SUPPLIED DATA:

-------

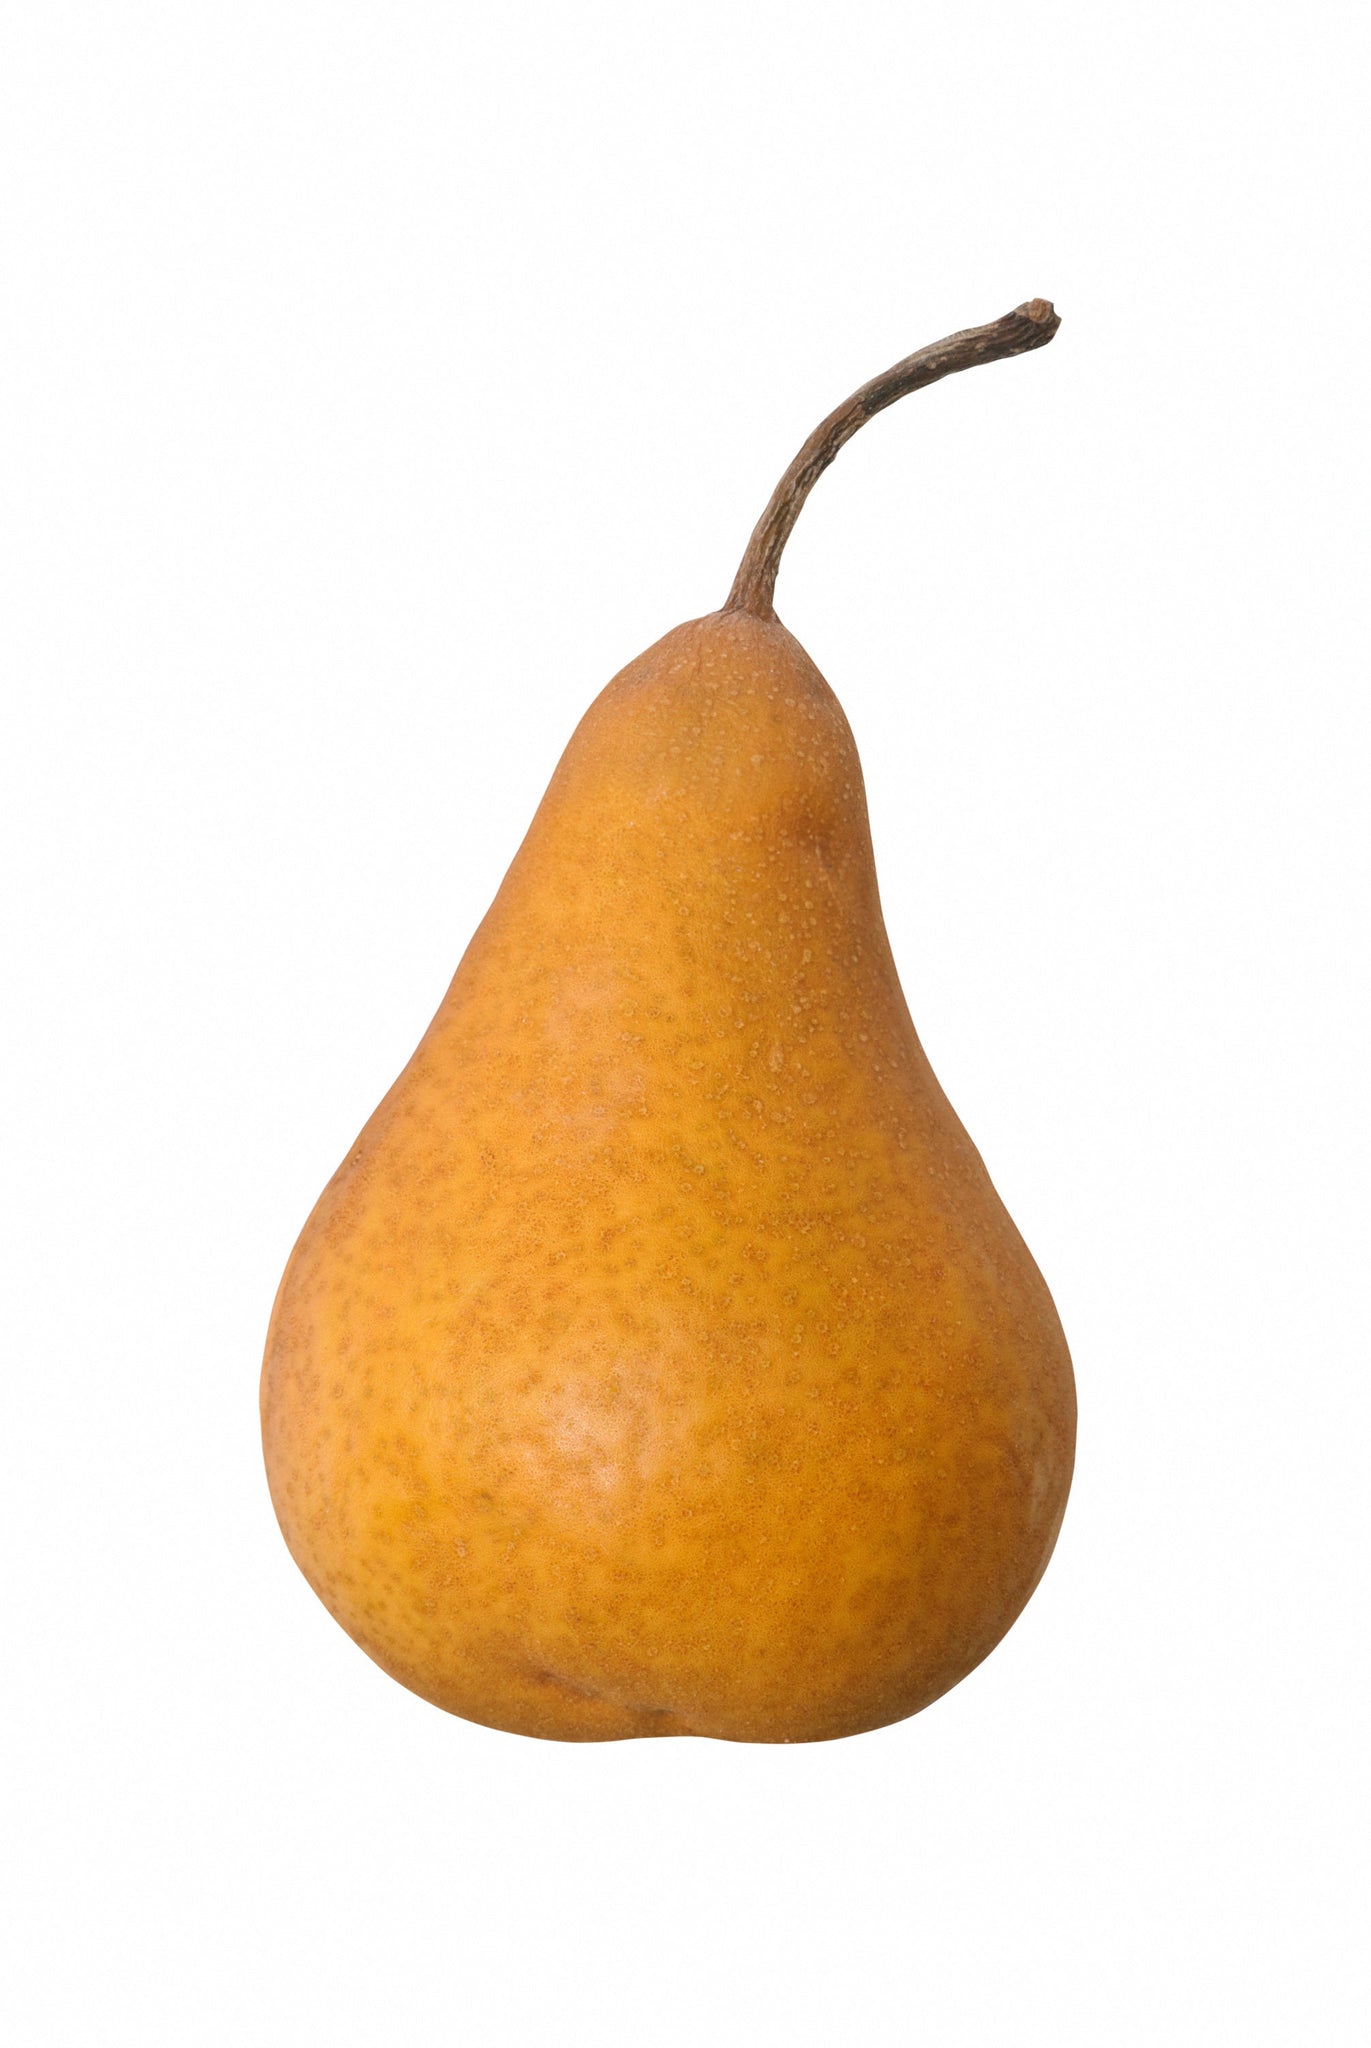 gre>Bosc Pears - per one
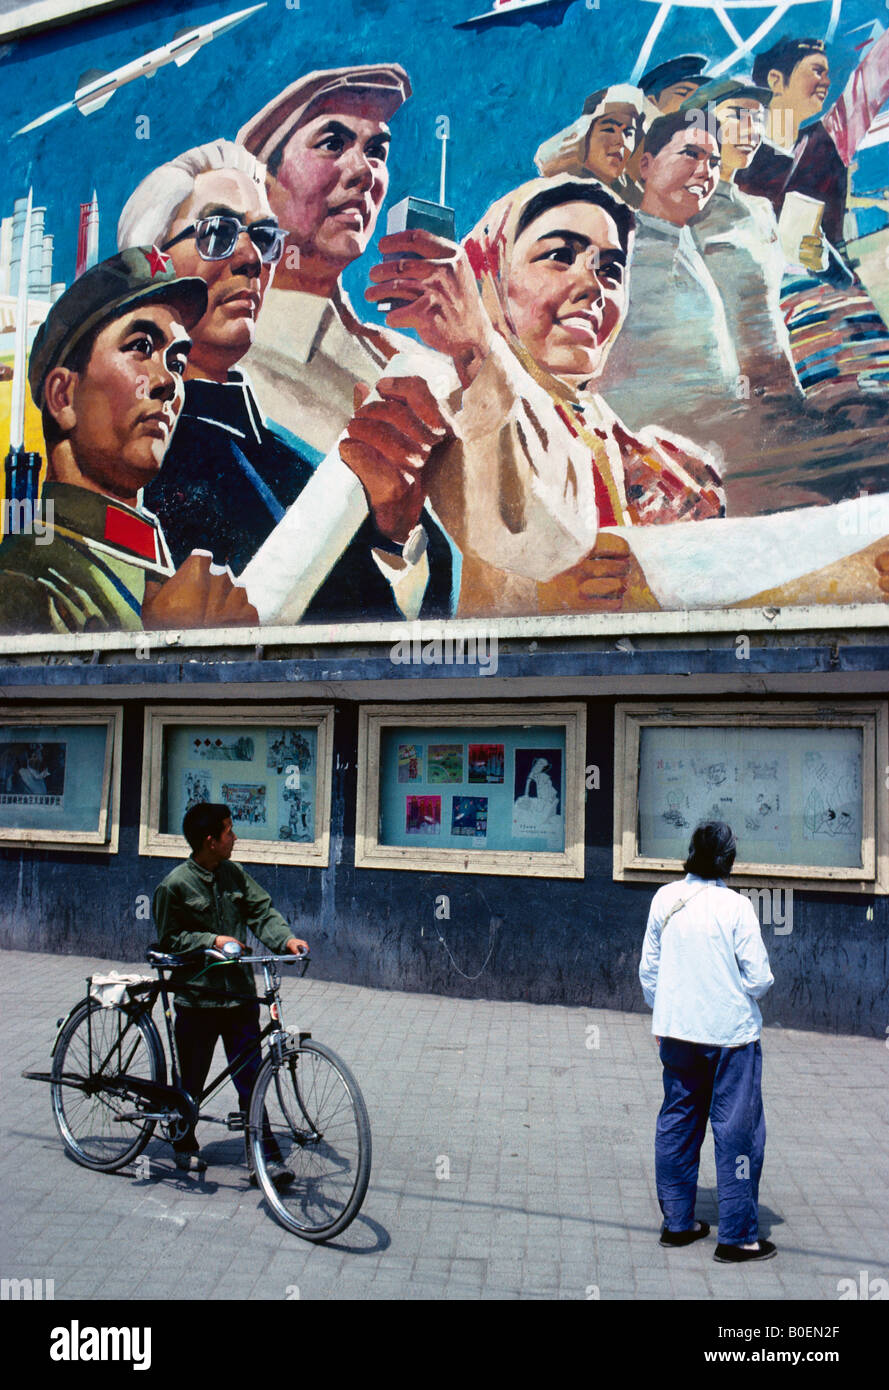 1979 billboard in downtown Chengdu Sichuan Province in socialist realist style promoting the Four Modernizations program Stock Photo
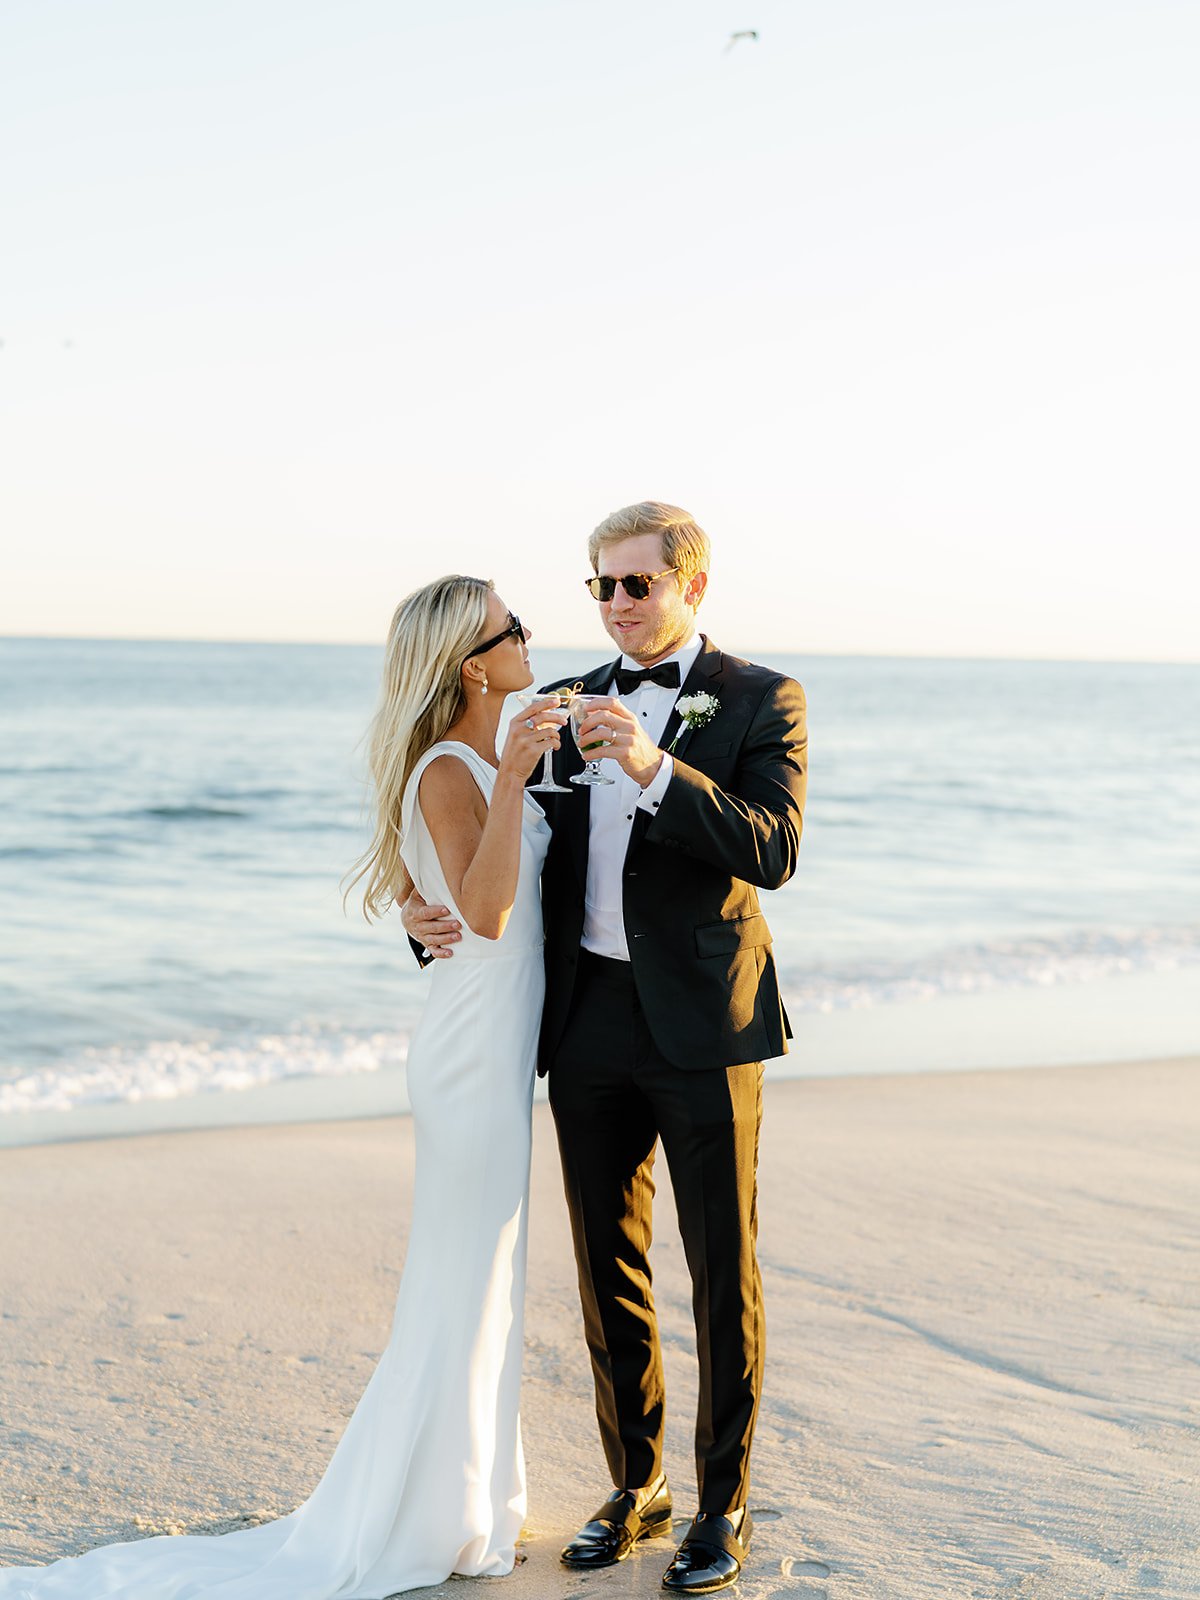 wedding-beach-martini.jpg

-------

The listing above must be printed again exactly, minus its pictures.

 gre>Bosc Pears - per one
 1979 billboard in downtown Chengdu Sichuan Province in socialist realist style promoting the Four Modernizations program Stock Photo
 wedding-beach-martini.jpg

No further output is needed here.